Michael Mauboussin is not only a leading expert in the field of decision making and the chair of the board of the Santa Fe Institute (see Katherine Collins bio above) but is first and foremost one of the most influential voices in the practice of equity investing. Our team has read most everything he has written publicly while in his roles at Legg Mason, Credit Suisse, BlueMountain Capital, and currently as the Head of Consilient Research at Counterpoint Global, a division of Morgan Stanley.

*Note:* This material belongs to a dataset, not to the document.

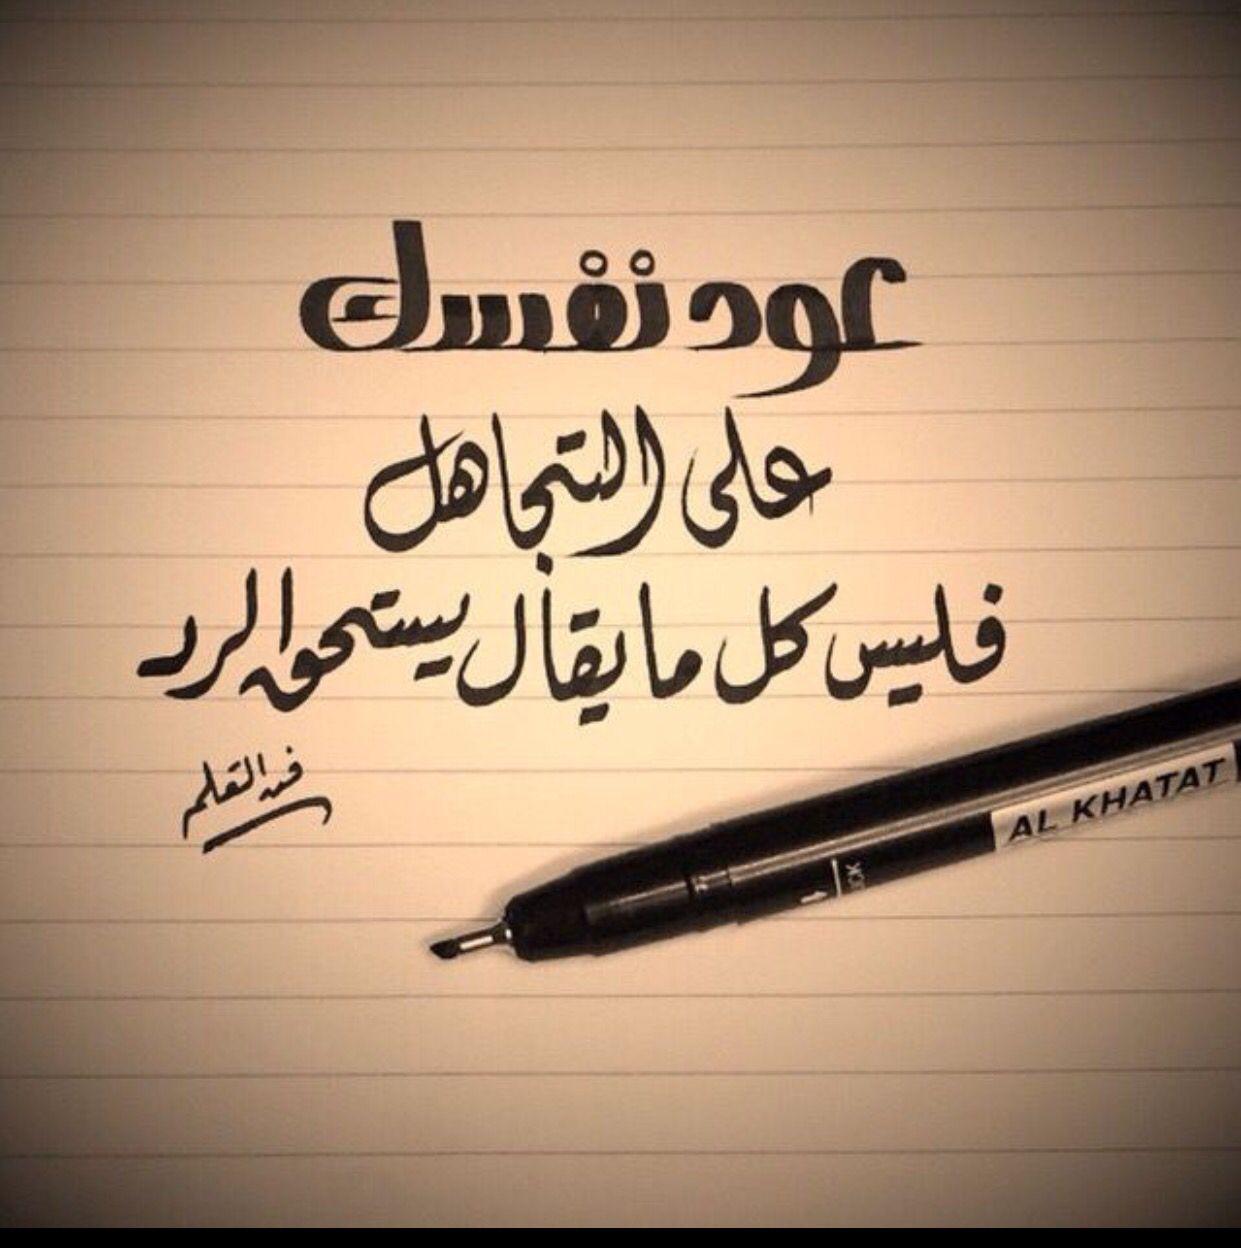 عود نفسك على التجاهل فليس كل مايقال يستحق الرد Islam Facts Special Words Hd Nature Wallpapers

The title of “Head of Consilient Research” is an uncommon one, but since consilience is “the linking together of principles from different disciplines” you can see how relevant Mauboussin’s background is to this topic.
In his interview, Mauboussin discussed the ways in which ants forage for food and in doing so clarified for us an important element of how we think about evaluating corporate management teams.
“So now I’m going to talk about social insects. This is about ant foraging. We’ll use ants as an example. You have a nest of ants and there’s a food source. Exploitation would be when the ants go out, find the food source, and then they just focus their attention on getting as much of that food into the nest as possible. The way the ants do this is they go out randomly. But they’re laying pheromone trails as their means of communication.
Once an ant finds the food, they come back. That trail gets a little stronger. The ant comes out, senses that and so that reinforces it. As they travel the same path that becomes a very strong pheromone trail, and that’s how they figure out how to do that.
If you actually watch ants in your backyard in the summertime, they’re kind of doing crazy stuff all the time. The scientists were studying them, and they would find out that some ants would just peel off of the pheromone trails that lead to the food source. Then they got much more scientific about studying that rate of peeling off and it turns out there’s a mathematical probability.